Now that we have a model, it can be used with the test dataset to verify the performance of the tuned SVM. Because this is a classification model, the predict function returns a data.frame with two vectors. The package yardstick (Kuhn and Vaughn 2021) is helpful in obtaining the accuracy rate and the AUC. The results demonstrate how important it is to verify your model with a test dataset.

library(yardstick)
#> Warning: package 'yardstick' was built under R version 4.1.2
#> For binary classification, the first factor level is assumed to be the event.
#> Use the argument event_level = "second" to alter this as needed.
predictions <- predict(model, sonar_test)
acc <- accuracy_vec(truth = sonar_test$Class, estimate = predictions[, 1]) auc <- roc_auc_vec(truth = sonar_test$Class, estimate = predictions[, 2])
acc
#> [1] 0.8867925
auc
#> [1] 0.9671429

## 4.4 Example with benchmarking on regression model

This next example uses the BostonHousing2 data from the mlbench package to demonstrate how to do benchmarking with rsample and the predict function with a regression model. The syntax is a little different than for the classification model. We start with splitting the BostonHousing2 data into a training and test dataset.

library(dplyr)
#>
#> Attaching package: 'dplyr'
#> The following objects are masked from 'package:stats':
#>
#>     filter, lag
#> The following objects are masked from 'package:base':
#>
#>     intersect, setdiff, setequal, union
library(mlbench)
library(rsample)
data(BostonHousing2)
bh <- mutate(BostonHousing2, lcrim = log(crim)) %>%
dplyr::select(-town, -medv, -crim)
bh_split <- initial_split(bh)
bh_train <- training(bh_split)
bh_test <- testing(bh_split)
bh_folds <- vfold_cv(bh_train)

We then tune an SVM using eztune and show the best loss so that it can be compared to the RMSE obtained from the test dataset.

model <- eztune(x = subset(bh_train, select = -cmedv), y = bh_train$cmedv, method = "svm", optimizer = "hjn", fast = 0.5) sqrt(model$loss)
#> [1] 3.140735

The predictions for the test dataset are computed using the predict function and then yardstick is used to obtain the RMSE and the MAE. As with the classification model, the test demonstrates how important it is to verify your model with a test dataset.
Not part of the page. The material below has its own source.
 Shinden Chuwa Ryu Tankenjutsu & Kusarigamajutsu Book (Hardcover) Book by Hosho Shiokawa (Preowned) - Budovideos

predictions <- predict(model, bh_test)
rmse <- rmse_vec(truth = bh_test$cmedv, estimate = predictions) mae <- mae_vec(truth = bh_test$cmedv, estimate = predictions)
rmse
#> [1] 3.056585
mae
#> [1] 2.318423

# 5 Performance and speed guidelines

Performance and speed were tested on seven datasets with a continuous response and six datasets with a binary classifier as a response. The datasets varied in size. The following guidelines and observations were made during the analysis:

• The default fast option produces very good results for most datasets. However, larger datasets, such as the mullein dataset, often need more than 200 observations to get a well tuned model. It is recommended to use at least 50% of the data in these situations if the computation time can be spared.
• The best results are seen with models optimized using 10-fold cross validation. However, computation time is very slow and may be prohibitive for very large datasets.
• The fast options decrease computation time unilaterally and often produce results nearly as good as with 10-fold cross validation.
• Tuning using resubstitution is slow and yields poor results. It is recommended to avoid this method.
• SVM has the fastest computation time and adaboost has the slowest computation time.
• Models computed using small datasets (<75 observations) do not yield good results, particularly for regression models.